Doch diese Art der Transparenz stößt immer öfter auf Kritik, weil es viele Menschen ablehnen, dass ihnen jemand auf den Tisch oder ins Schlafzimmer schaut. Um die Privatsphäre ihrer 110.000 Bürger zu schützen, haben sich deshalb jetzt die Bürgermeister der 16 Kommunen im Landkreis Hohenlohe mit einem Protestbrief an Google Deutschland in Hamburg gewandt.

"Wir wollen nicht einfach so fotografiert werden"

Der Bürgermeister von Bretzfeld, Thomas Föhl, ist zum Sprecher des Bündnisses geworden und betont: "Wir wollen nicht, dass unser Kreis einfach so fotografiert wird." Die Privatsphäre der Bürger müsse gewahrt bleiben.
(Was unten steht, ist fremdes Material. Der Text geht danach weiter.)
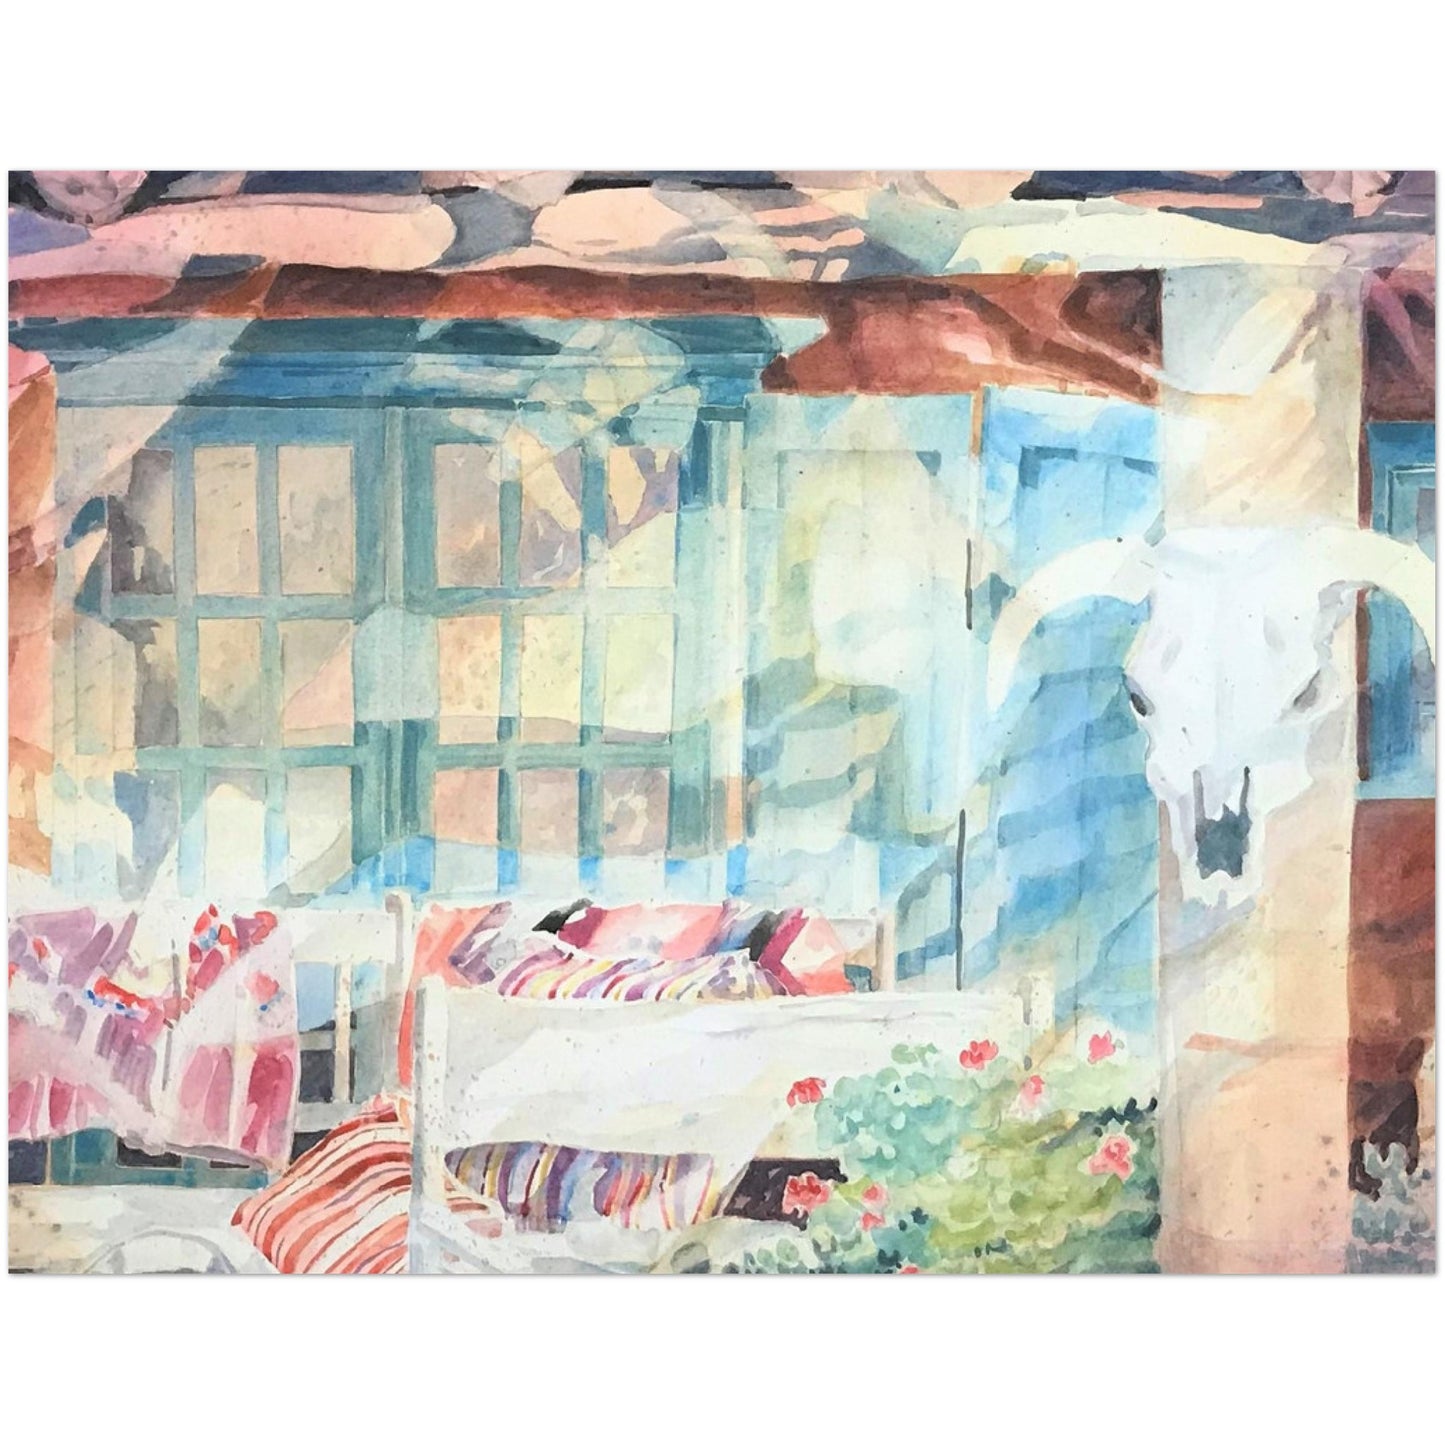 Pack of 10 postcards "Southwestern Home" Watercolor (2-sided, No envelopes, US & CA) by Barbara Cleary Designs

Zudem könne Street View leicht zu einer Art Bedienungsanleitung für Einbrecher werden. Frei nach dem Motto: Wenn das Haus in einer bevorzugten Wohnlage liegt und obendrein ein Porsche vor der Tür geparkt ist, könnte mancher auf die Idee kommen, "da mal vorbeizuschauen", so Föhl. Aber auch das andere Extrem, wie neulich aus den USA gemeldet, will man vermeiden. Dort hatte sich ein Warenkonzern geweigert, einer Kundin weiterhin Sendungen zuzustellen, weil man mit Blick auf die heruntergekommene Wohngegend offenbar fürchtete, die Dame könnte ihre Rechnungen alsbald nicht mehr bezahlen.

Doch der Protest der Bürgermeister aus dem Heilbronner Hinterland gegen den Online-Spaziergang stößt an seine Grenzen. Zwar ist das Vorgehen von Google rechtlich umstritten. Aber die Gemeinden können gegen den Internet-Giganten qua Gesetz kein Fotografierverbot verhängen. "Es kann nur jeder Einzelne darlegen, dass er sich in seiner Privatsphäre verletzt fühlt", sagt Föhl. Deshalb haben die Bürgermeister nun ein Musterschreiben an Google aufgesetzt und es in ihren Amtsblättern veröffentlicht. "Es wäre wünschenswert, dass andere Kreise uns folgen und sich möglichst viele Bürger melden. Dann wird sich Google mit seinem Vorhaben schwertun", hofft Föhl.

Bei Google selbst sieht man das ganz gelassen. Der Dienst Street View sei eine Ergänzung zu Google Maps und diene "weltweit der Orientierung", so eine Sprecherin in Hamburg. Für Deutschland habe man aber ein sogenanntes Widerspruchsrecht installiert. Soll heißen: Wer nicht will, dass sein Haus fotografiert wird und alsbald via Internet zu finden ist, muss das schriftlich darlegen. "Jede Privatperson hat das Recht, Einspruch zu erheben", so die Google-Sprecherin, dann werde das Haus im Online-Auftritt geschwärzt. Experten freilich sehen darin für potenzielle Verbrecher erst recht einen Anreiz, vor Ort zu gehen.

Innenminister Heribert Rech (CDU), aber auch Städte- und Gemeindetag in Baden-Württemberg haben Google zuletzt immer wieder darauf hingewiesen, den Datenschutz einzuhalten. So hat sich der Online-Riese verpflichtet, Gesichter und Kfz-Kennzeichen zu pixeln, also unkenntlich zu machen, sofern sie auf den Bildern erkennbar sind. Manchmal scheint aber auch das nicht zu reichen. In Österreich, wo Google Street View bereits stark verbreitet ist, ging die Anonymisierung dieser Tage offenbar nicht weit genug. Eine Frau erkannte das Auto ihres Mannes vor dem Haus der Geliebten - anhand der auffälligen Radkappen.